Pump prices often appear to jump up together after they have been discounted heavily for several days. Both discounting and price jumps are the result of a highly competitive and price-sensitive market where competitors' prices are readily visible on price boards.
In a competitive market, what goes down must come up. Deeply discounted prices on a Monday or Tuesday benefit the 60 per cent of motorists who take price into account when buying petrol. Petrol is "on special" every week – but the early week discounts are unsustainable.
Some petrol retailers – in particular the supermarket chains – are discounters. We believe they discount petrol to drive sales through supermarkets or service station convenience stores, as well as increasing petrol volume.
Other petrol retailers don't lead discounting but follow very close behind and match the prices of the discounters.
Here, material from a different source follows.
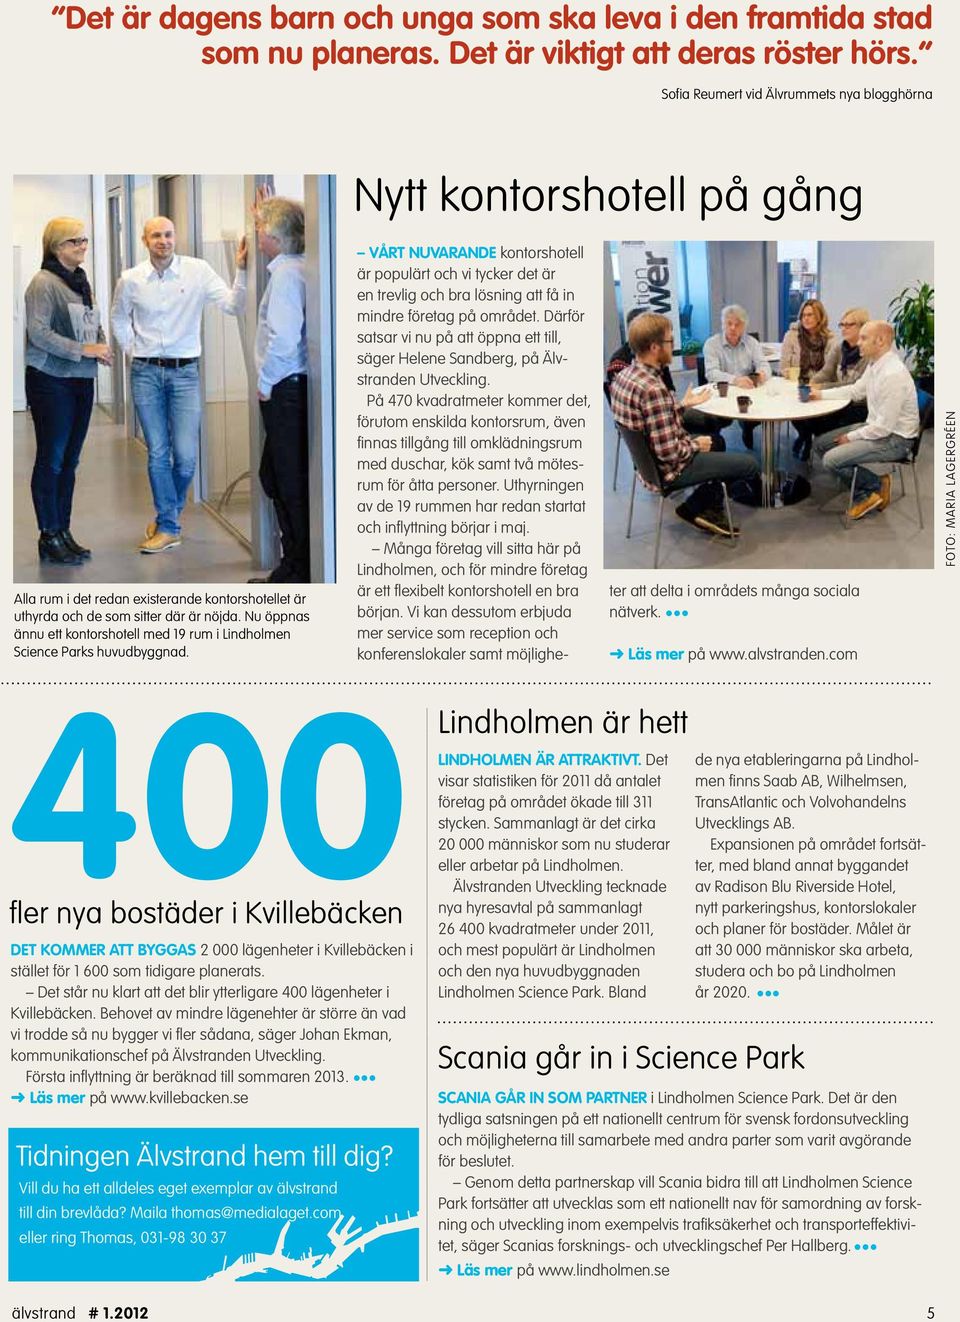 Nu öppnas ännu ett kontorshotell med 19 rum i Lindholmen Science Parks huvudbyggnad.

Caltex receives electronic data on the market prices of competitors every 30 minutes from an independent price monitoring service and reviews its prices several times a day. Australia's consumer watchdog, the Australian Competition and Consumer Commission (ACCC), receives information daily from the same monitoring service.
The market works in various ways but the following is typical. At the high-priced point in a cycle, pump prices in an area will be similar, with the operators of all service stations closely watching their competitors' price boards. When one station reduces its price to increase sales, competing service stations act quickly and also reduce their prices to avoid losing sales to a competitor with a lower petrol price. This pattern is repeated over several days.
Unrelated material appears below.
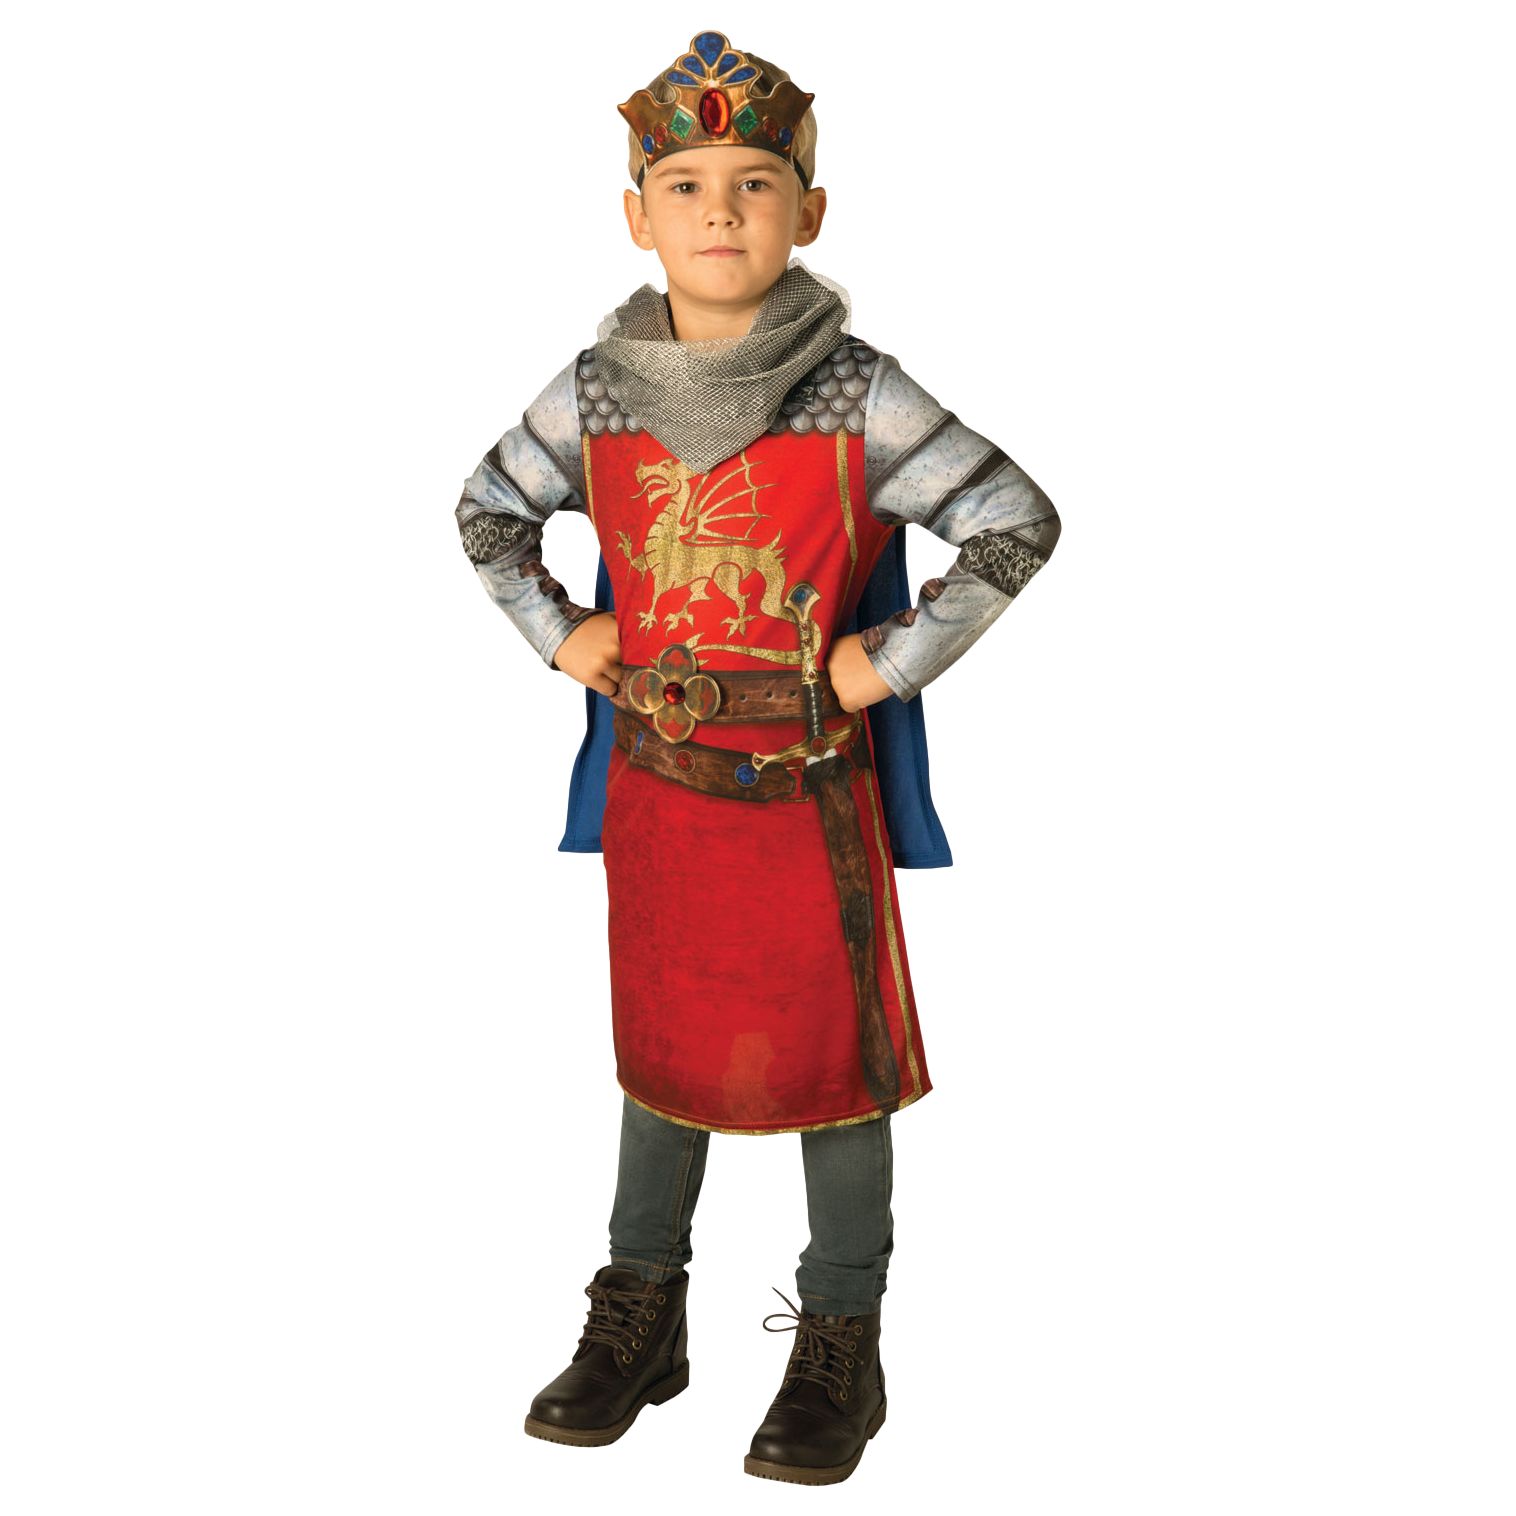 King Arthur Children's Costume.

Not long into the cycle, oil companies will often provide discounts (known as "rebates" or "price support") off the initial wholesale purchase price paid by franchised dealers in order to help them meet the competition and cut prices at their sites.
Without rebates, franchised dealers would soon face losses as pump prices fell. With rebates, over the course of a discount cycle, dealers' retail margins typically do not vary substantially, although dealers are free to set their own margins. Rebates are available to all franchise locations, both city and country.
After several days of the discount cycle, with prices decreasing, one wholesaler will no longer be able or willing to sustain the low wholesale prices and will advise its franchised dealers that rebates will cease from a particular time. Prices may also increase at company-operated or commission agent sites. Franchised dealers are free to set their pump prices at any level but typically they will increase them in line with the increase in wholesale price. Other wholesalers, observing the pump price increase, may also cease rebates or increase the pump prices under their control, so that all pump prices may increase in rapid succession.
This behaviour is neither anti-competitive nor illegal and in fact results in lower prices on average over the cycle. Consumers benefit as they have the opportunity to buy petrol at the low point of the discount cycle.
The ACCC investigated price variability in its December 2001 report and concluded “it is likely that consumers in aggregate benefit overall from price cycles.” The ACCC also did not support any of the options it considered to limit price cycles as it was concerned that any such intervention could have the effect of increasing prices.
Prices do not jump because of long weekends
In the lead up to, and throughout, holiday long weekends pump prices follow their typical weekly cycles. This normal behaviour is typical of all holiday periods in major metropolitan areas.
The charts for capital cities show that contrary to the assertions of some commentators, pump prices did not jump up because of the Easter or Queen’s Birthday (June) holiday weekends in 2007. (There is no June long weekend in Perth)
In each chart, the pump price at the trough of the cycle is typically similar to the terminal gate price ie. the bulk wholesale price ex-terminal. Pump prices at the top of the price cycle could be 10 cpl or more above TGP, although these prices are rapidly discounted over the course of the week and sometimes two weeks or more.